Penyesuaian iuran Tahap Pertama

Untuk tahap pertama mulai diberlakukan pada tanggal 1 Oktober 2019 khusus bagi peserta PPU yang merupakan Pejabat Negara, PNS Pusat, Prajurit, dan POLRI.

Penyesuaian iuran Tahap Kedua

Sedangkan untuk tahap kedua yaitu bagi peserta PPU yang merupakan Kepala dan wakil Daerah, pimpinan dan anggota DPRD daerah, PNS daerah, Kepala desa, perangkat desa, dan pekerja swasta.

Peraturan penyesuaian iuran BPJS Kesehatan ini memang telah ditandatangani oleh Presiden Jokowi. Seperti yang kita ketahui bahwa BPJS Kesehatan selalu mengalami defisit anggaran sejak mulai berdiri.
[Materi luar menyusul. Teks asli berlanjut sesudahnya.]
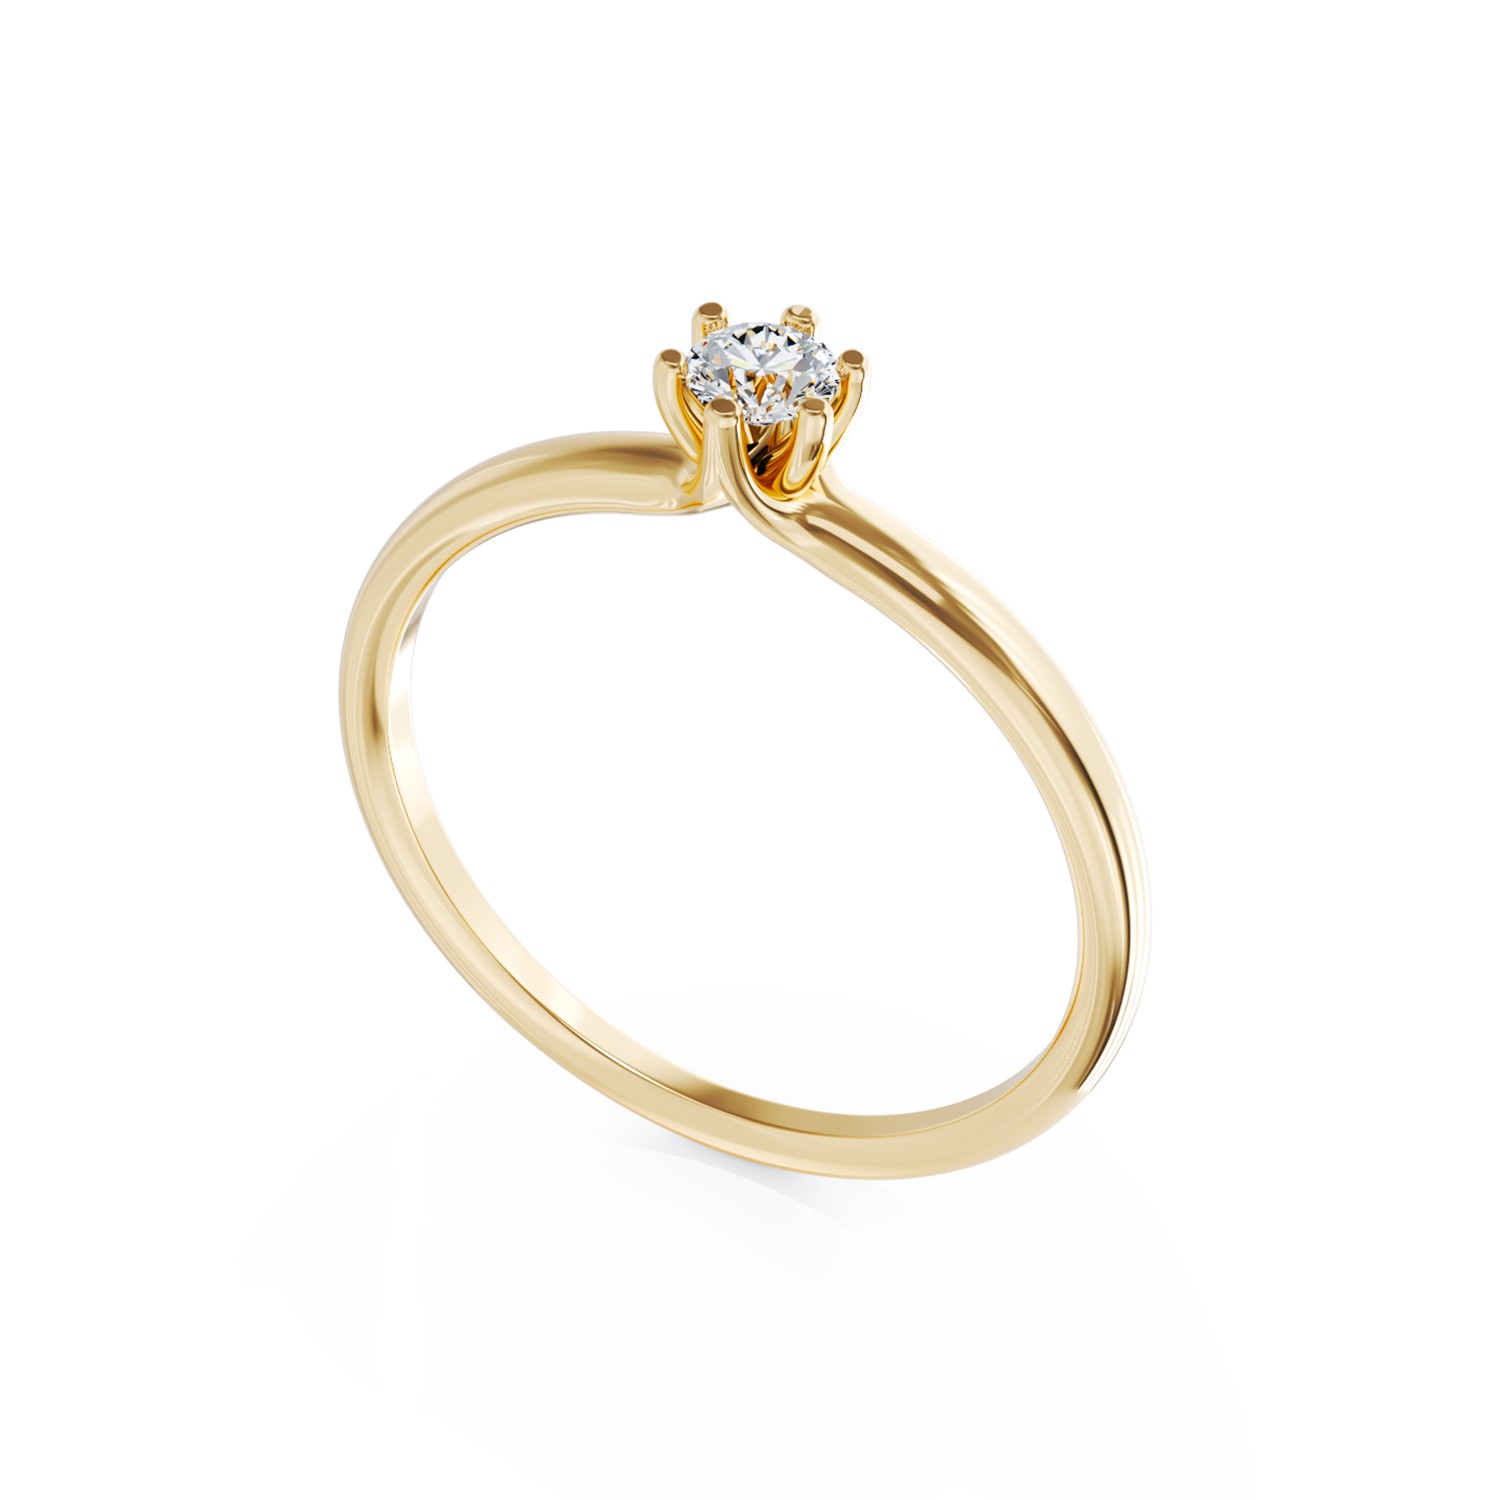 Inel de logodna din aur galben de 18K cu un diamant solitaire de 0.21ct

Defisit tersebut dikarenakan tidak seimbangnya antara pendapatan iuran dengan total klaim.

Baca juga : Syarat Pendaftaran BPJS Kesehatan Online dan Offline Terbaru

Tahun 2015 defisit Rp 5 Triliun, tahun 2016 defisit Rp 6,82 Triliun, tahun 2017 defisit Rp 3,6 Triliun, dan tahun 2018 defisit Rp 10,26 Triliun.

Tahun 2014 BPJS Kesehatan memperoleh pendapatan iuran sebesar Rp 40,72 Triliun, sedangkan klaim yang harus dibayarkan sebesar Rp 42,66 Triliun. Kemudian tahun 2015 pendapatan iuran sebesar Rp 52,69 Triliun dan klaim sebesar Rp 57,1 Triliun.
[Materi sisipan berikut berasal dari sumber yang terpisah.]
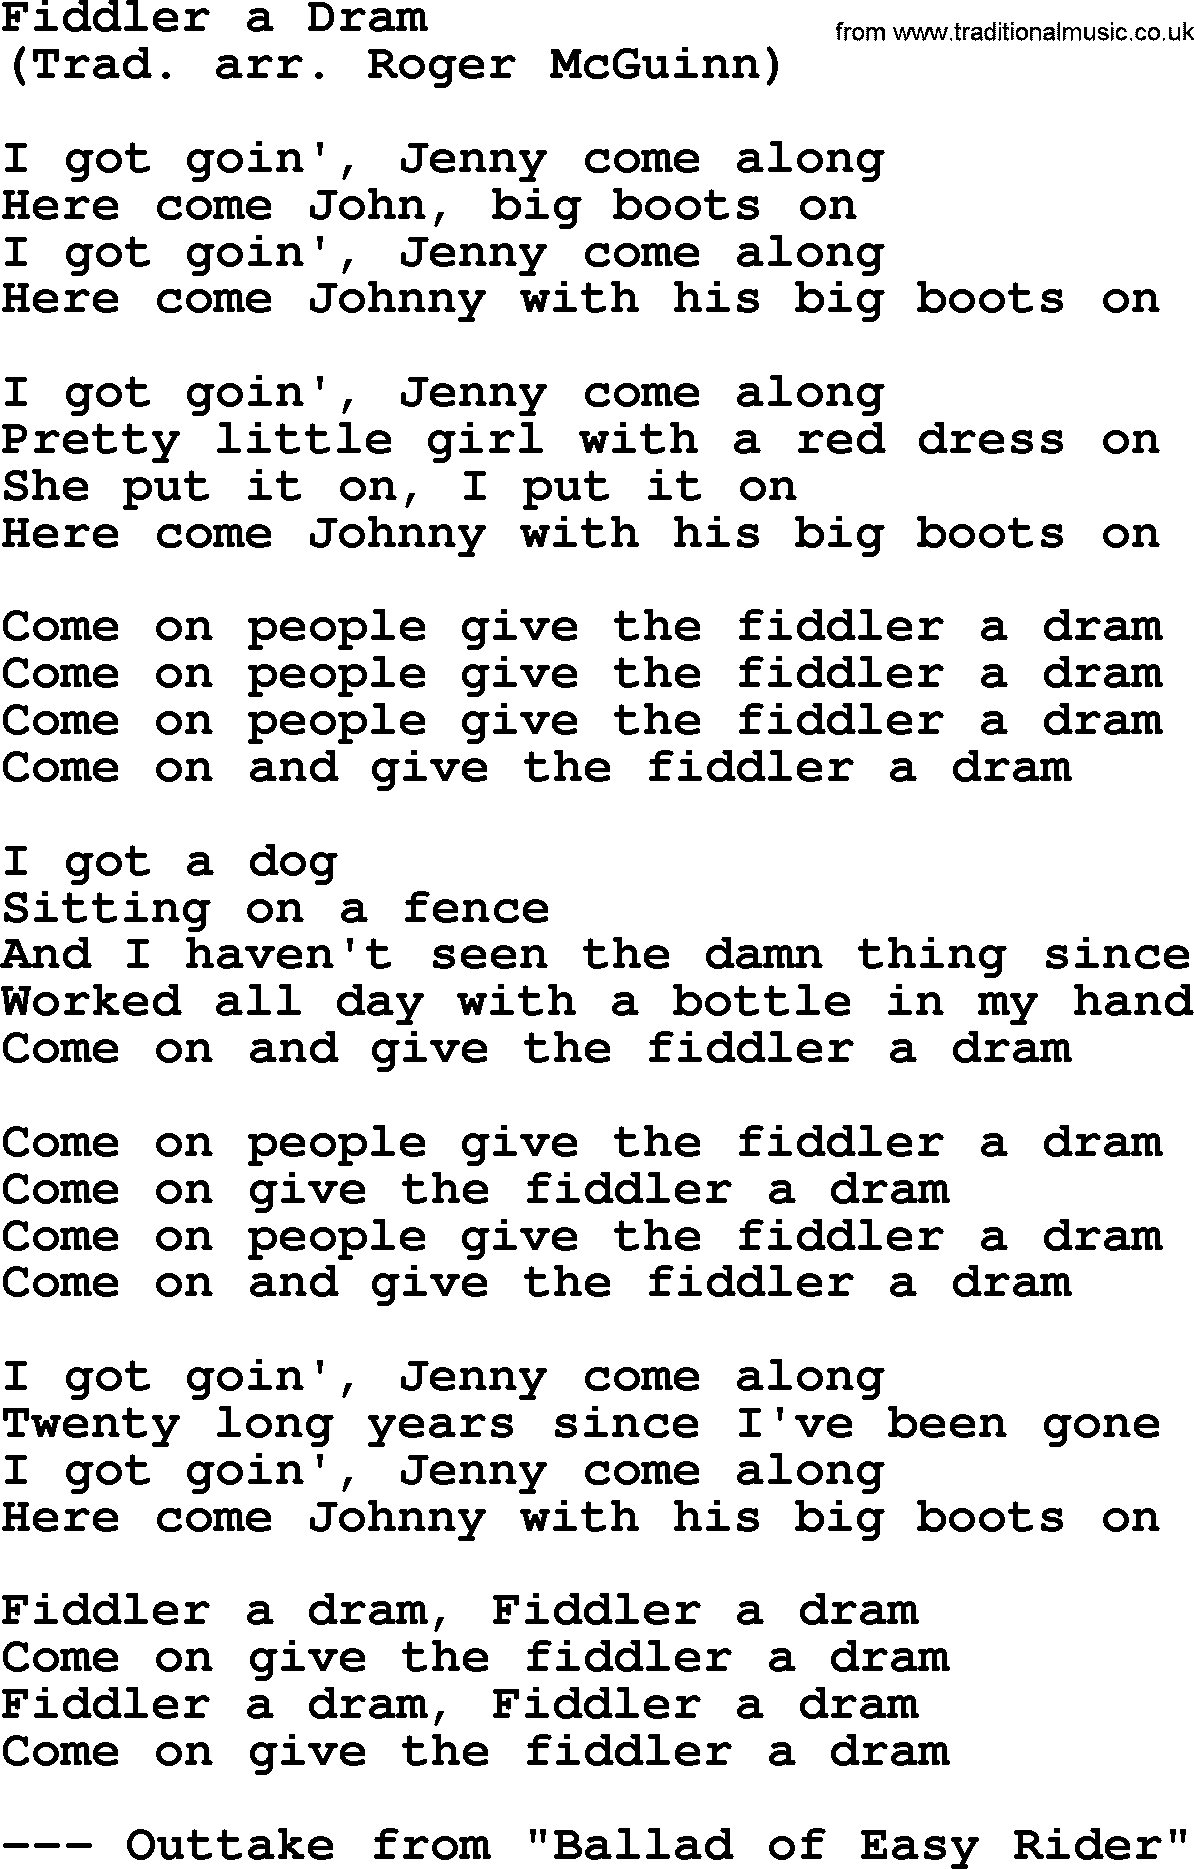 The Byrds song Fiddler A Dram, lyrics

Tahun berikutnya yaitu tahun 2016 pendapatan iuran dari peserta sebesar Rp 67,40 Triliun sedangkan klaimnya sebesar 67,25 Triliun. Tahun 2017 pendapatan iuran sebesar Rp 74,25 Triliun dan tital klaim yang harus dibayarkan sebesar Rp 84,44 Triliun. Terakhir pada tahun 2018 pendapatan iuran sebesar 81,97 Triliun dan klaim yang harus dibayarkan sebesar Rp 94,3 Triliun.
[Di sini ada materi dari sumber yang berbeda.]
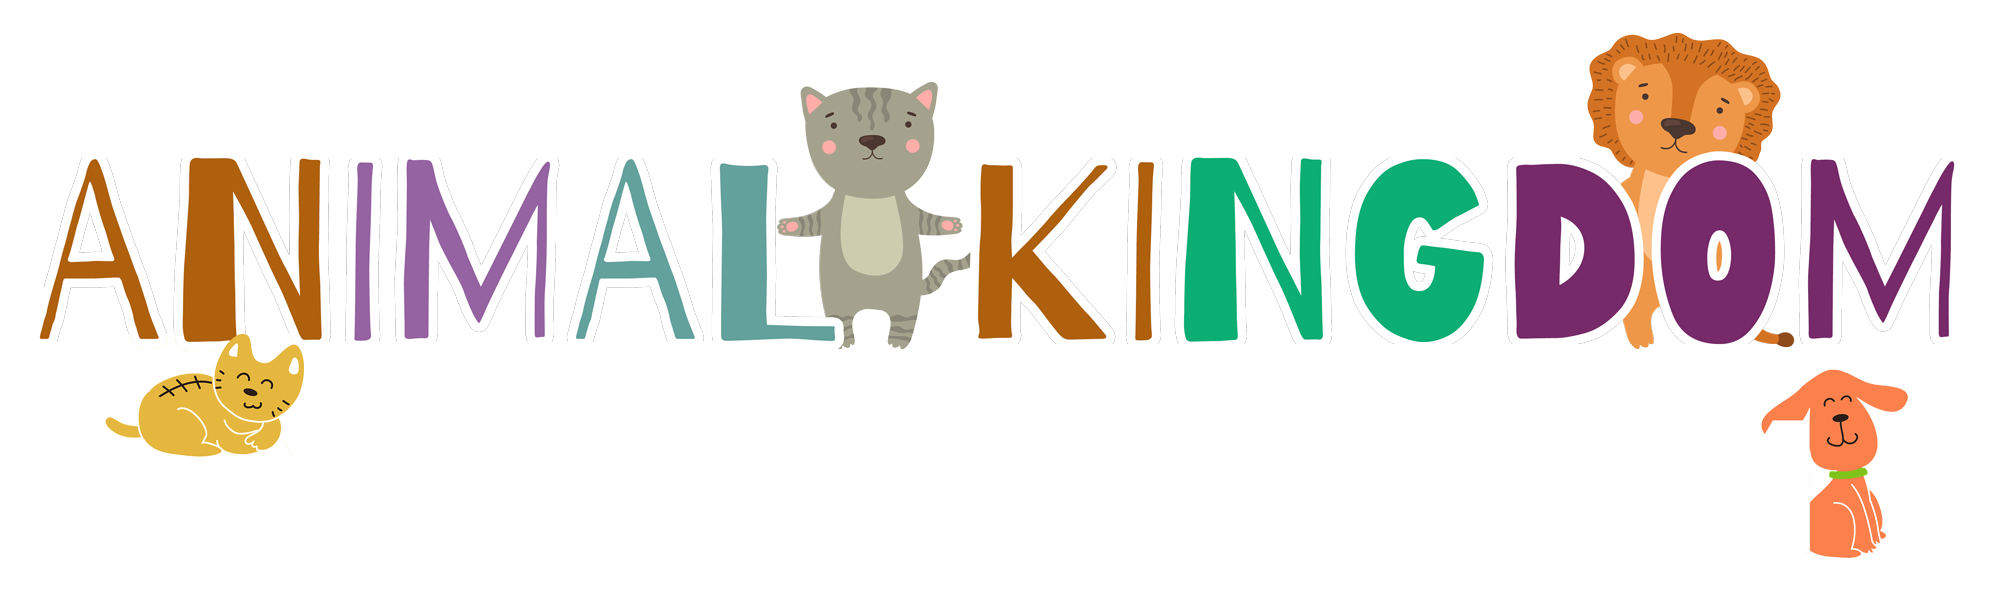 Animal Kingdom Rescue Forum

Dengan adanya penyesuain iuran maka diharapkan akan memberikan dampak positif seperti :

  • Keberlangsungan program JKN-KIS terjaga
  • Mengatasi defisit dana jaminan sosial (DJS)
  • Terjadi perbaikan pelayanan di BPJS Kesehatan, Fasilitas Kesehatan Tingkat Pertama (FKTP), dan Fasilitas Kesehatan Rujukan Tingkat Lanjutan (FKRTL).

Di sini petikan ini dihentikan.